Pytorch LSTM - generating sentence- word by word?


I'm trying to implement a neural network to generate sentences (image captions), and I'm using Pytorch's LSTM (nn.LSTM) for that.

The input I want to feed in the training is from size batch_size * seq_size * embedding_size, such that seq_size is the maximal size of a sentence. For example - 64*30*512.

After the LSTM there is one FC layer (nn.Linear). As far as I understand, this type of networks work with hidden state (h,c in this case), and predict the next word each time.

My question is- in the training - do we have to manually feed the sentence word by word to the LSTM in the forward function, or the LSTM knows how to do it itself?

My forward function looks like this:

    def forward(self, features, caption, h = None, c = None):
        batch_size = caption.size(0)
        caption_size = caption.size(1)
        
        no_hc = False
        if h == None and c == None:
            no_hc = True
            h,c = self.init_hidden(batch_size)
        
        embeddings = self.embedding(caption)  
        output = torch.empty((batch_size, caption_size, self.vocab_size)).to(device)

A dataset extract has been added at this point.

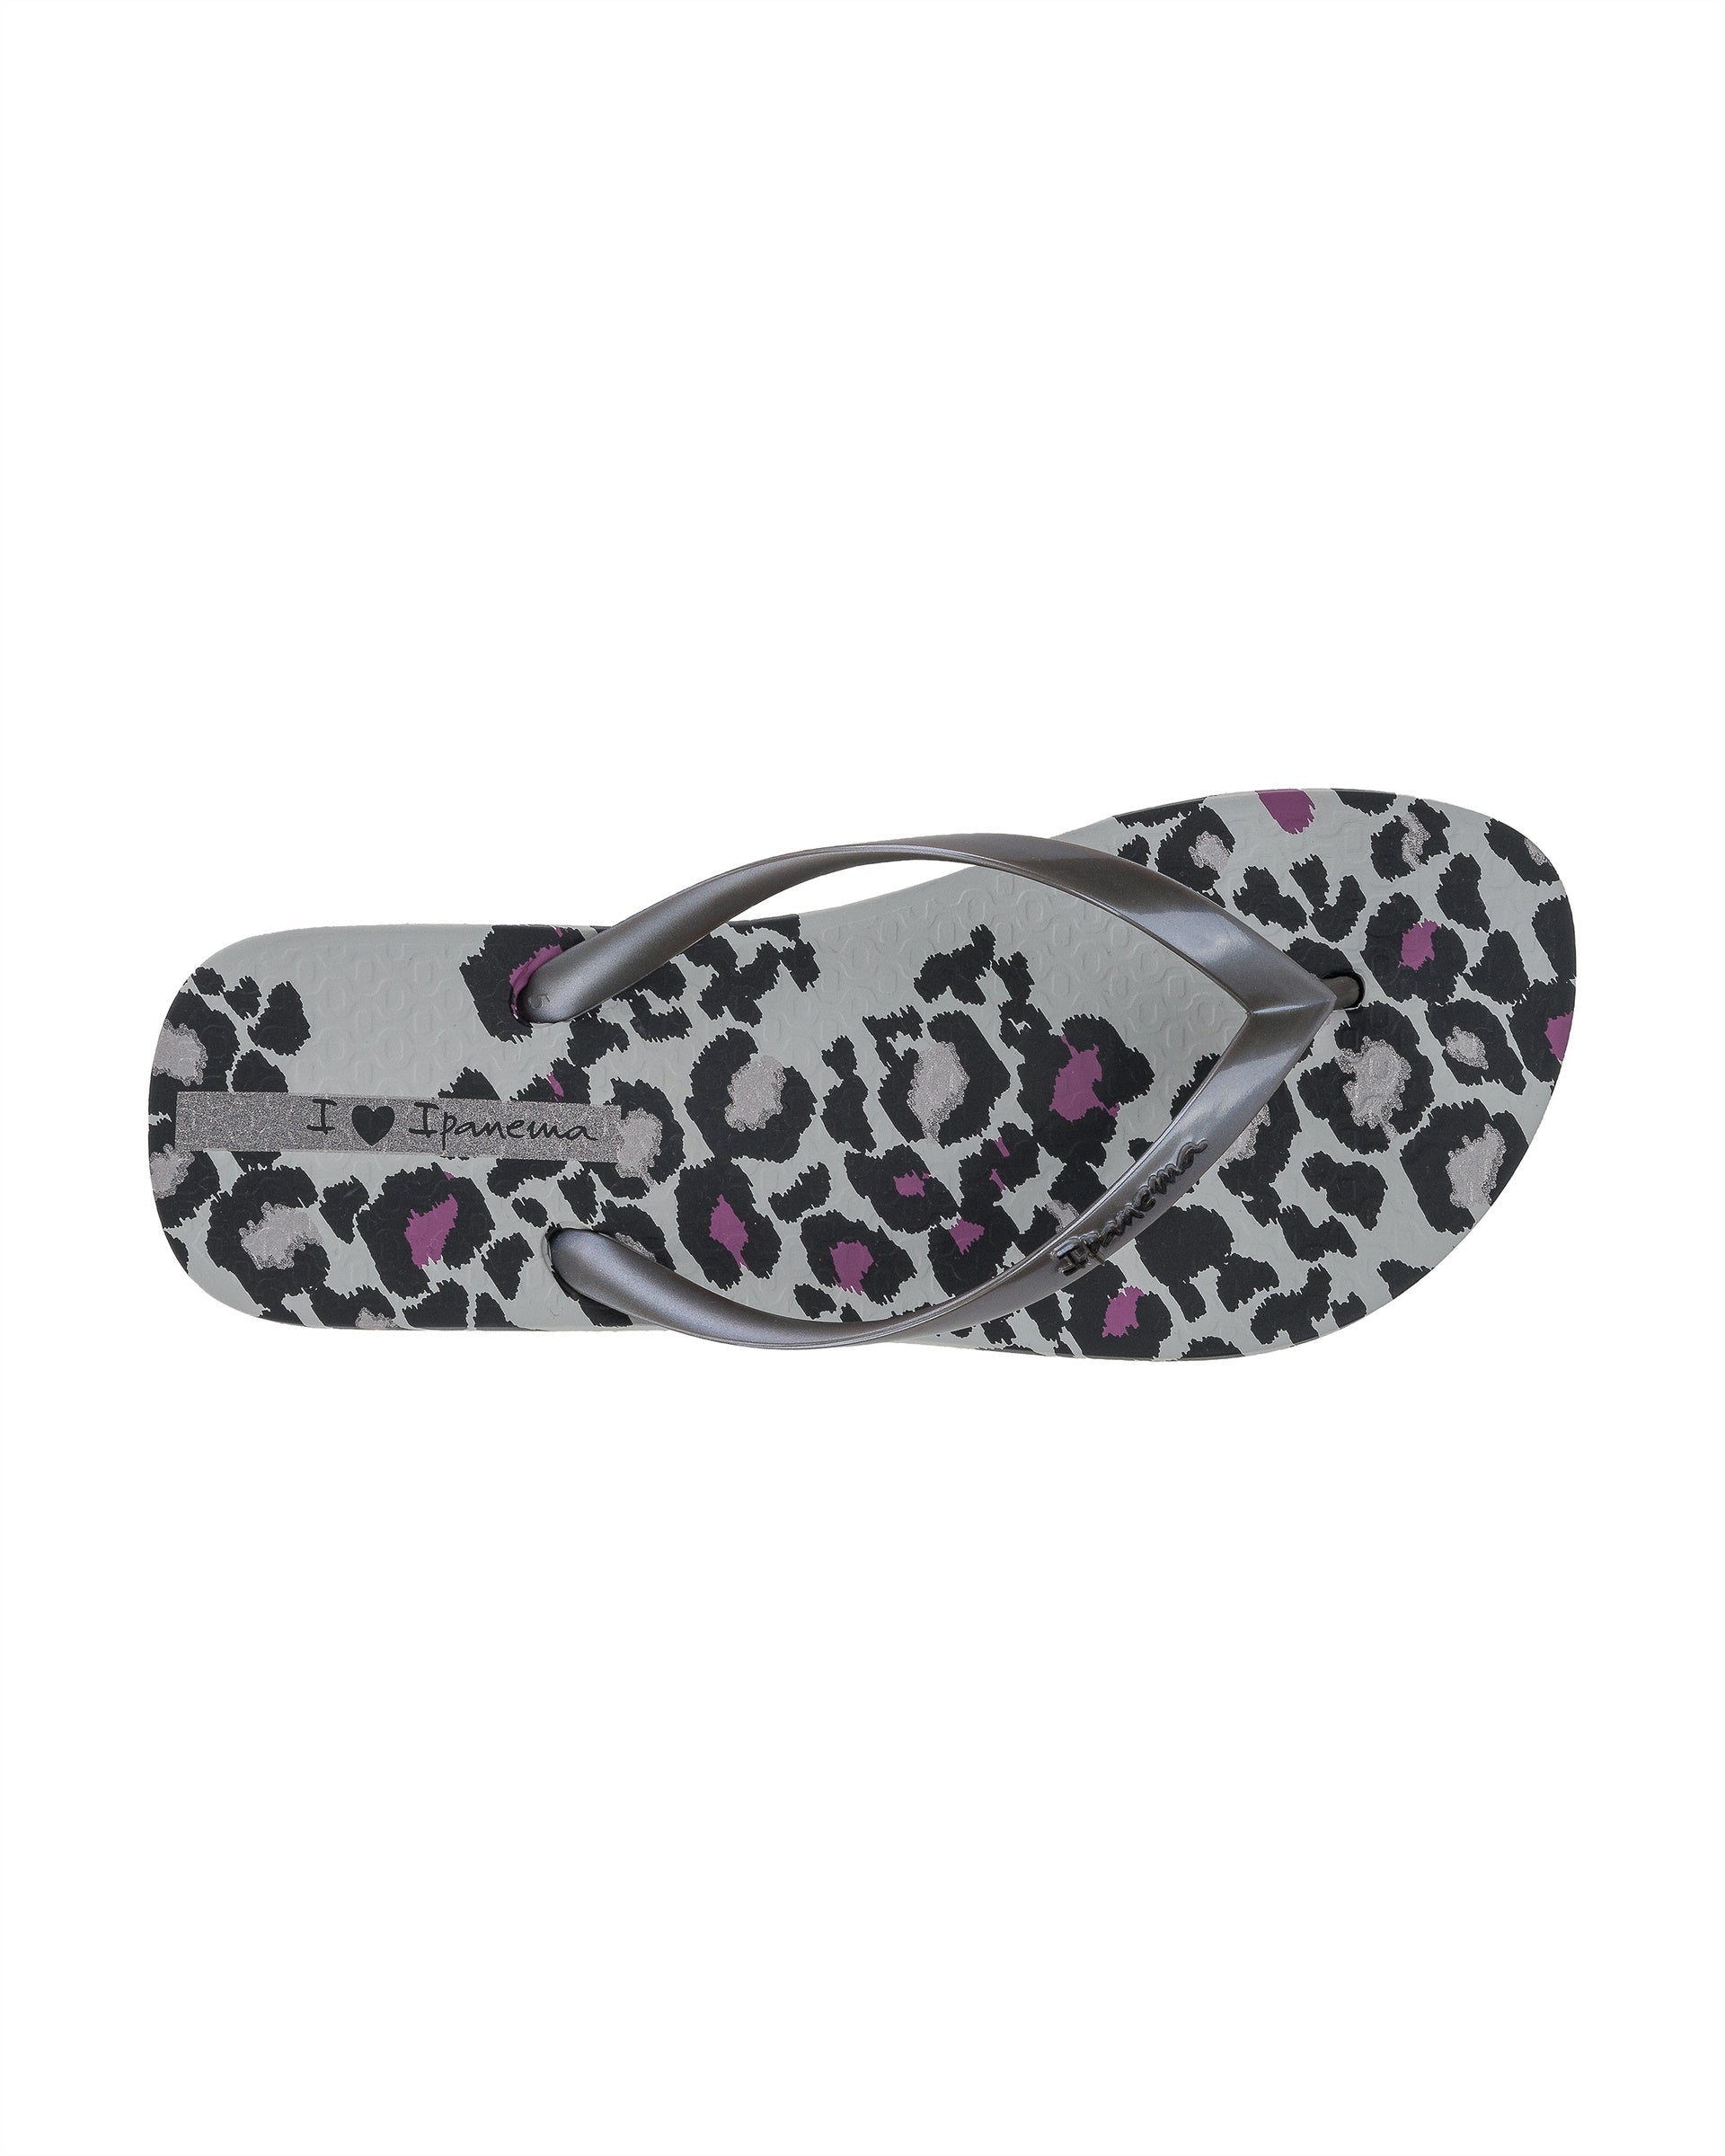 Top view of a grey Ipanema Animal Print women's flip flop with glitter grey straps and leopard sole print.

        for i in range(caption_size): #go over the words in the sentence
            if i==0:
                lstm_input = features.unsqueeze(1)
            else: 
                lstm_input = embeddings[:,i-1,:].unsqueeze(1)
            
            out, (h,c) = self.lstm(lstm_input, (h,c))
            out = self.fc(out)

            output[:,i,:] = out.squeeze()
        
        if no_hc:
            return output

        return output, h,c    

(took inspiration from here)

The output of the forward here is from size batch_size * seq_size * vocab_size, which is good because it can be compared with the original batch_size * seq_size sized caption in the loss function.

The question is whether this for loop inside the forward that feeds the words one after the other is really necessary, or I can somehow feed the entire sentence at once and get the same results?

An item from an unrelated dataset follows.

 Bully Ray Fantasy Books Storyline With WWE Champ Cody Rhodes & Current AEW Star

(I saw some example that do that, for example this one, but I'm not sure if it's really equivalent)


Solution

  • The answer is, LSTM knows how to do it on its own. You do not have to manually feed each word one by one. An intuitive way to understand is that the shape of the batch that you send, contains seq_length (batch.shape[1]), using which it decides the number of words in the sentence. The words are passed through LSTM Cell generating the hidden states and C.